In a previous post, I wrote about potential looming trouble for lenders that have healthcare receivables as collateral. @KHNews has a more in-depth article on the 30-90 day rule applied to insurers that provide ACA exchange plans.
If an enrollee in an ACA plan fails to pay premiums, the insurer is required to reimburse the doctor for bills incurred in the next 30 days; however, after the 30-day period runs, for the next 60 days the insurer may place claims in suspense until the enrollee catches up his/her premiums (Grace Period). If the enrollee fails to catch up his/her premium payments, the claim(s) can be denied or previously paid claims may even be clawed back by the insurer. In short, doctors could be left with unpaid bills.

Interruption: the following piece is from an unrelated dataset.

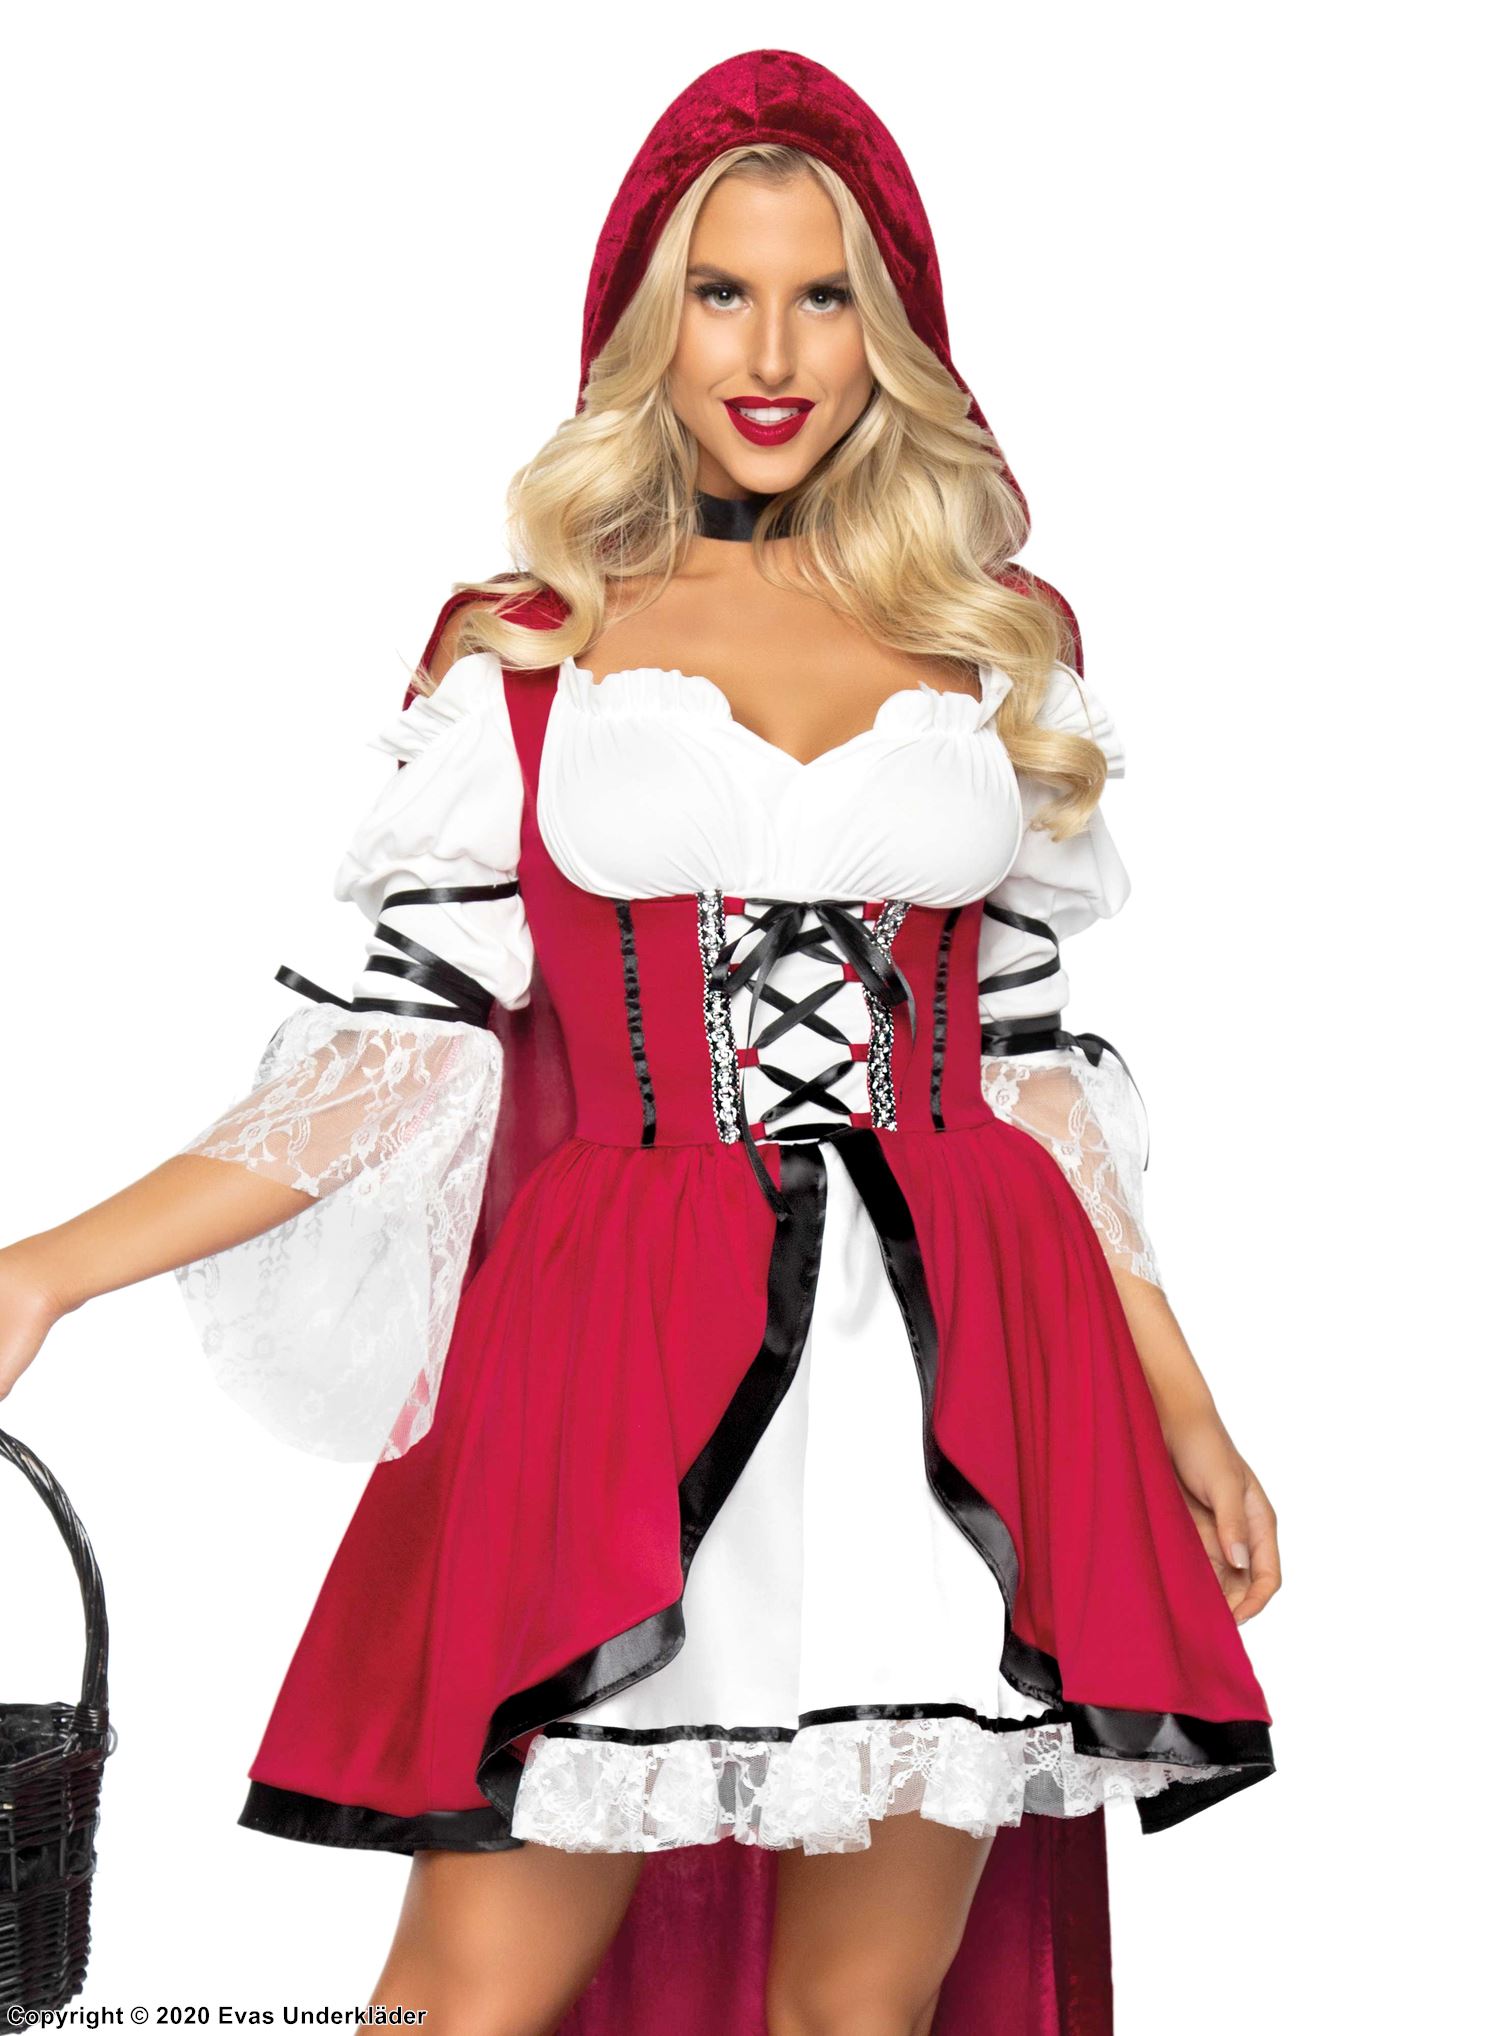 Red Riding Hood, costume dress, satin trim, hood, cape, peasant sleeves

At the urging of the American Medical Association (AMA), it seems that at least Washington State has attempted to help physicians with the Grace Period problem by passing legislation requiring ACA plan insurers to provide information regarding an enrollee's payment status.
When a healthcare provider is left with unpaid bills, cash flow decreases. As my previous article points out, lenders that have A/R as collateral should be monitoring it before the accounts become too far delinquent.
What I did not mention in my previous post is that most often debtors tend to pay secured creditors, i.e., lenders, before they pay trade creditors because a lender holding collateral wields a much bigger stick and can act more quickly than an unsecured creditor. With that in mind, those selling goods to healthcare providers should also be concerned about the Grace Period and the potential for decreased cash flow.
Just as with lenders, trade creditors should be keeping a close eye on the accounts of trade debtors that are habitually delinquent in payment. Although the healthcare provider may throw a fit, trade debtors that are several months in arrears may need to pay cash on delivery — or, in non-legal jargon: "no money, no goods."